**Information provided**:
----

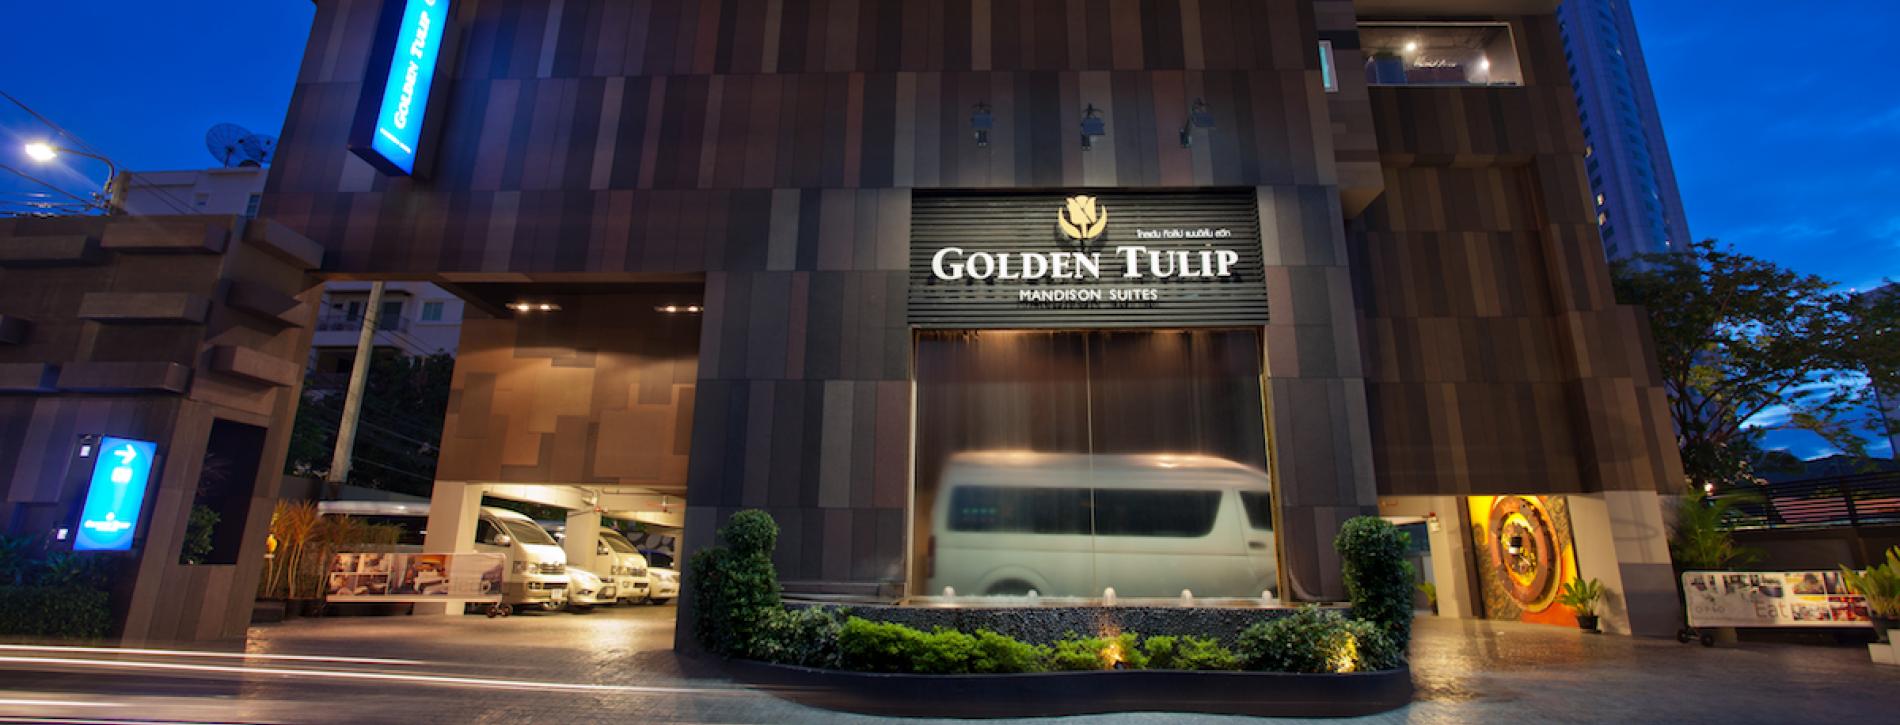 Vacation Hub International - VHI - Golden Tulip Mandison Suites
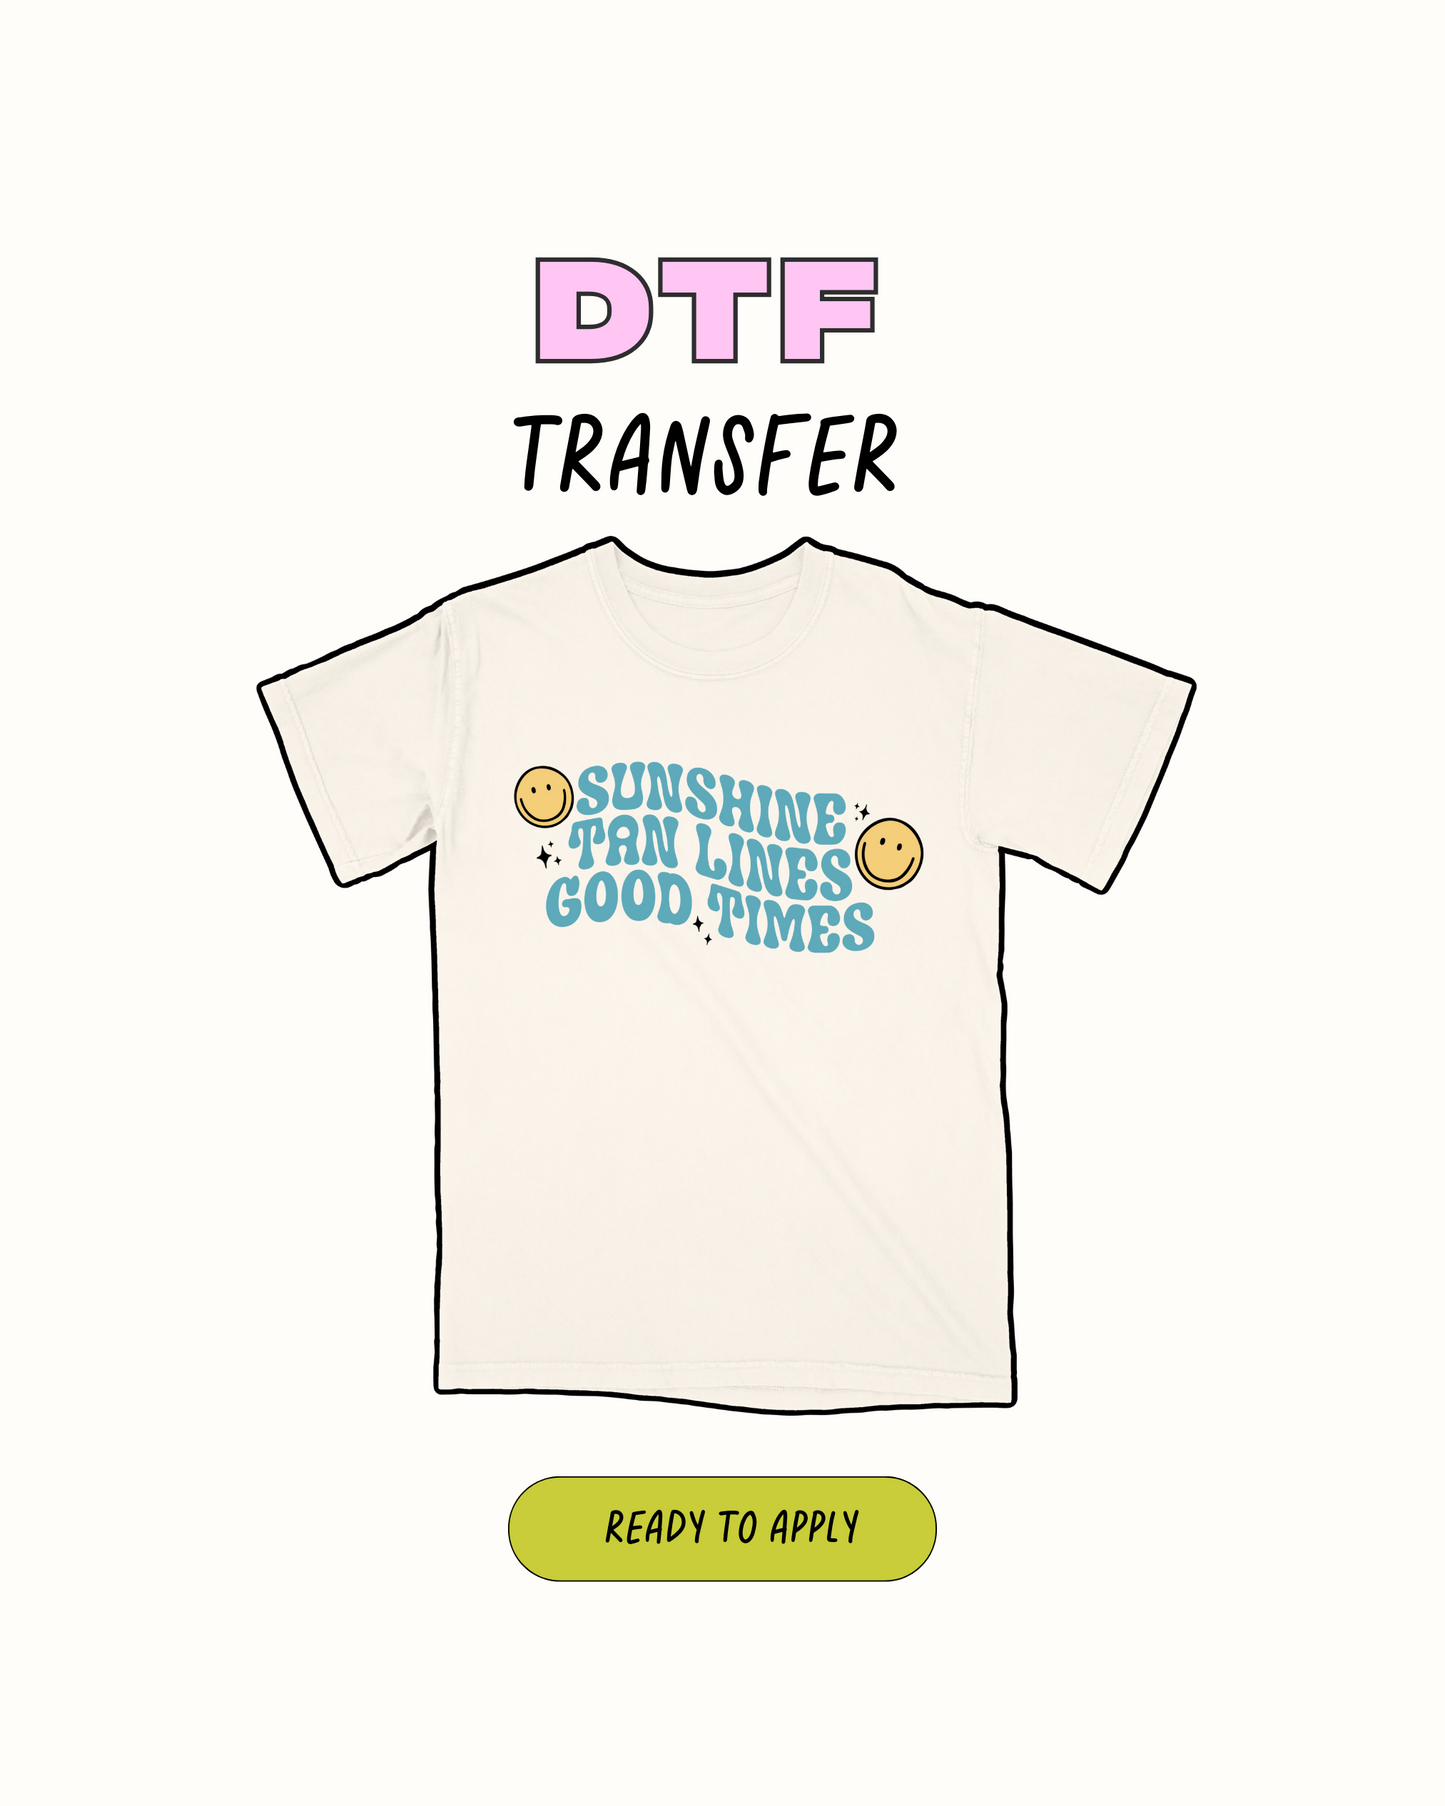 Good times - DTF Transfer
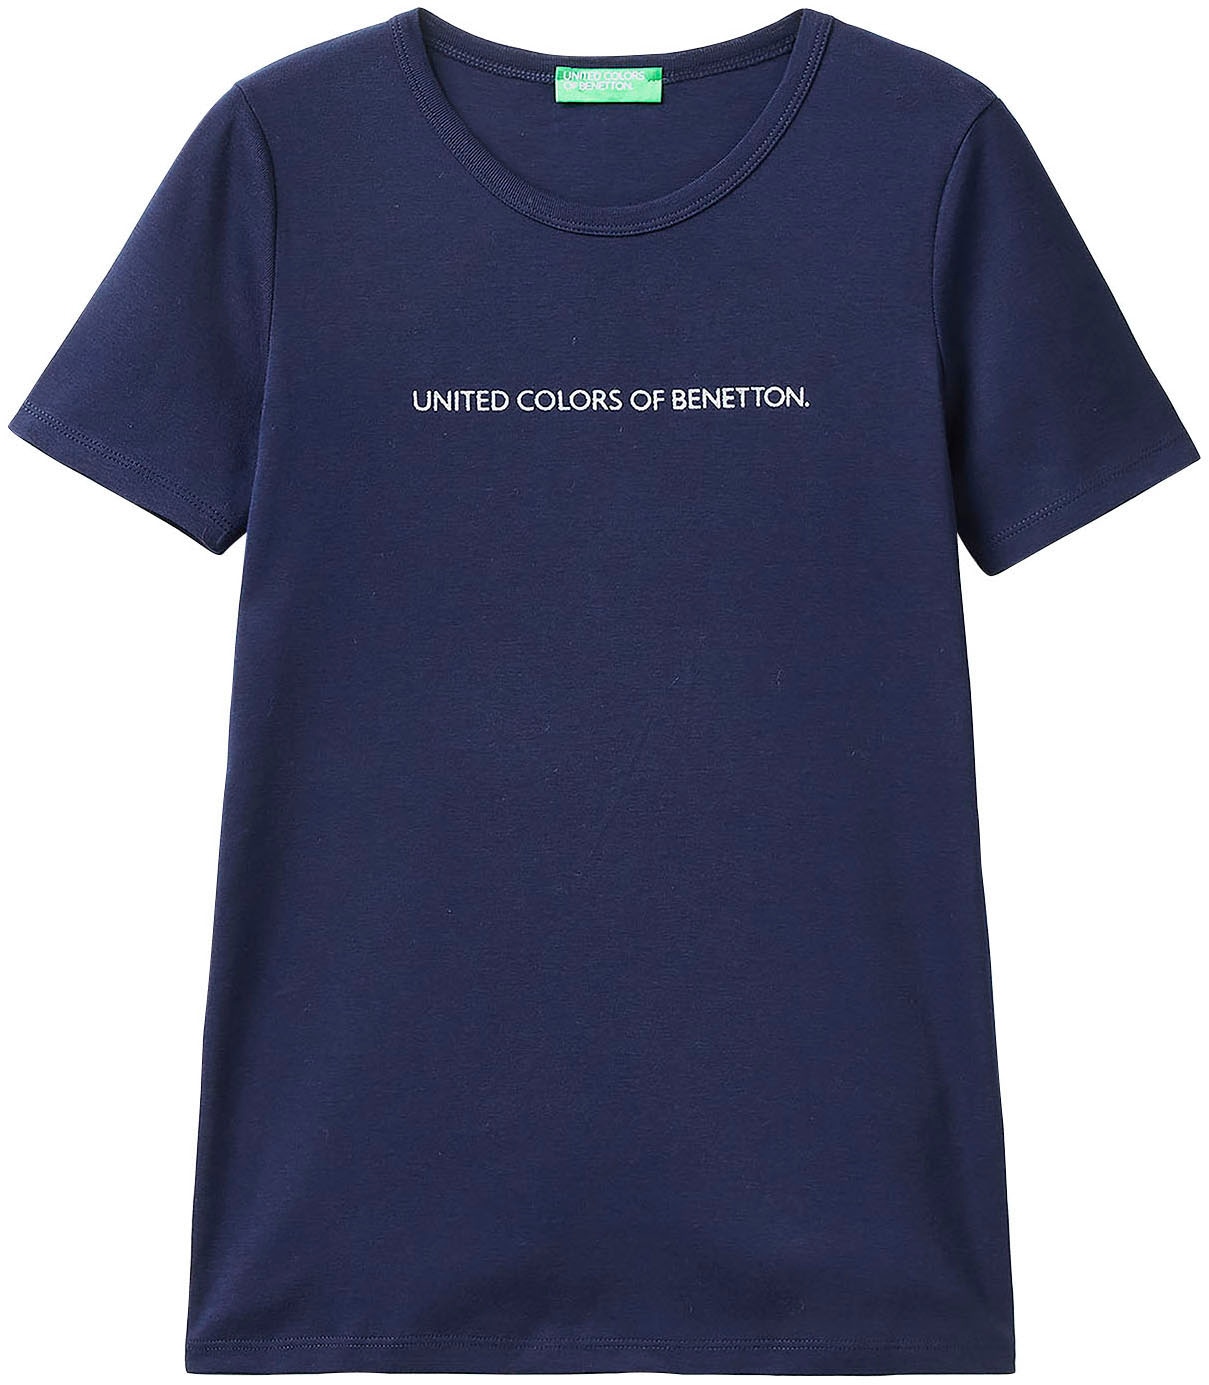 Bestseller tlg., (Set, unsere Colors | im T-Shirt, United BAUR 2 2), bestellen Doppelpack Benetton of
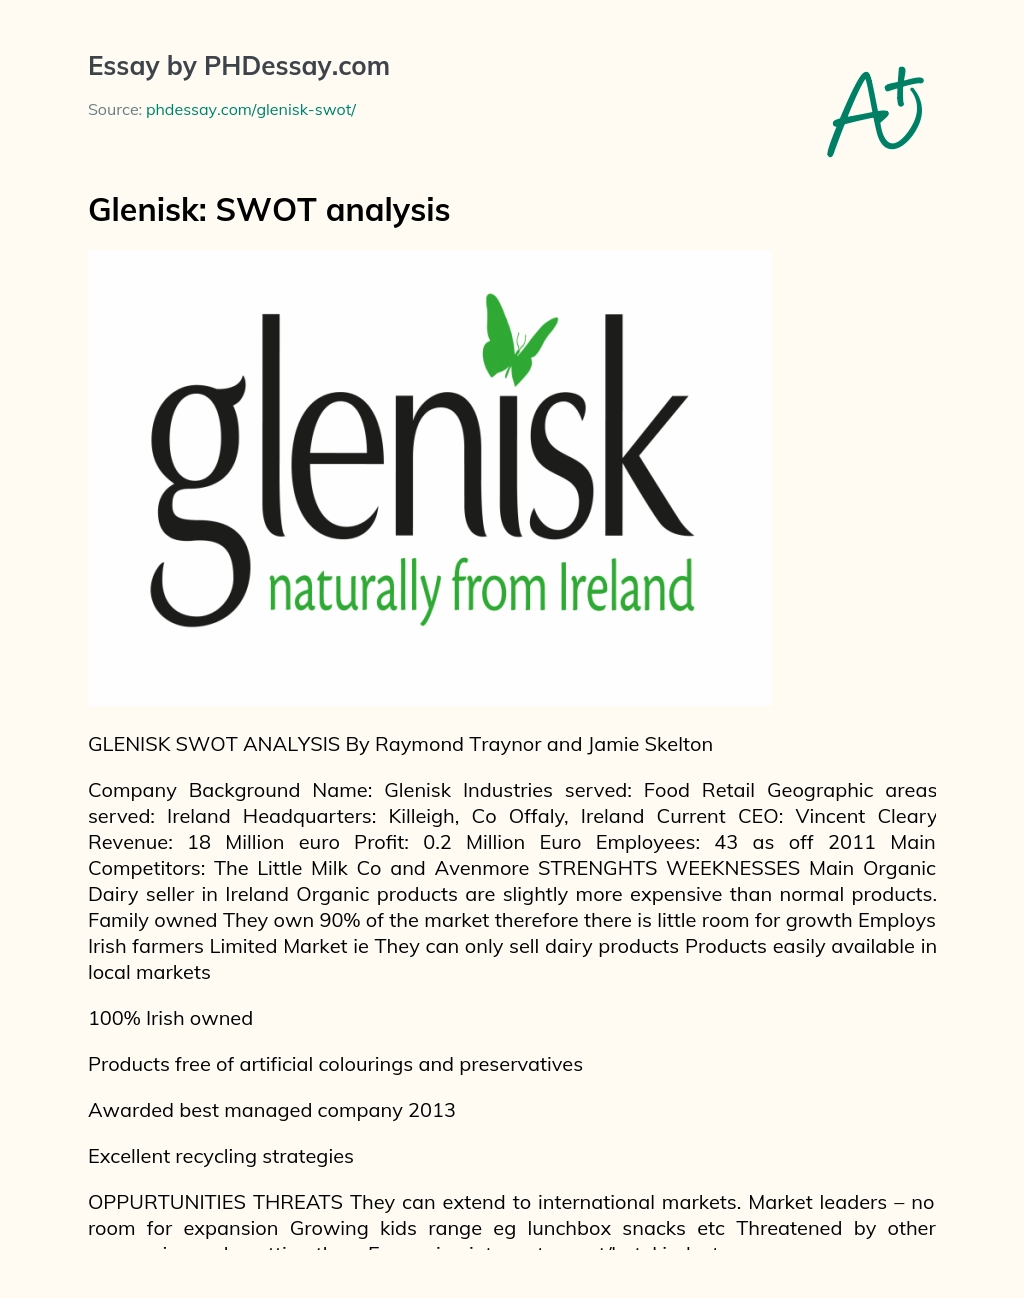 Glenisk: SWOT Analysis essay

----

**Your task**: Skipping any pictures, transcribe the full listing exactly.

**Result**:
 Vacation Hub International - VHI - Golden Tulip Mandison Suites
 Good times - DTF Transfer
 Bestseller tlg., (Set, unsere Colors | im T-Shirt, United BAUR 2 2), bestellen Doppelpack Benetton of
 Glenisk: SWOT Analysis essay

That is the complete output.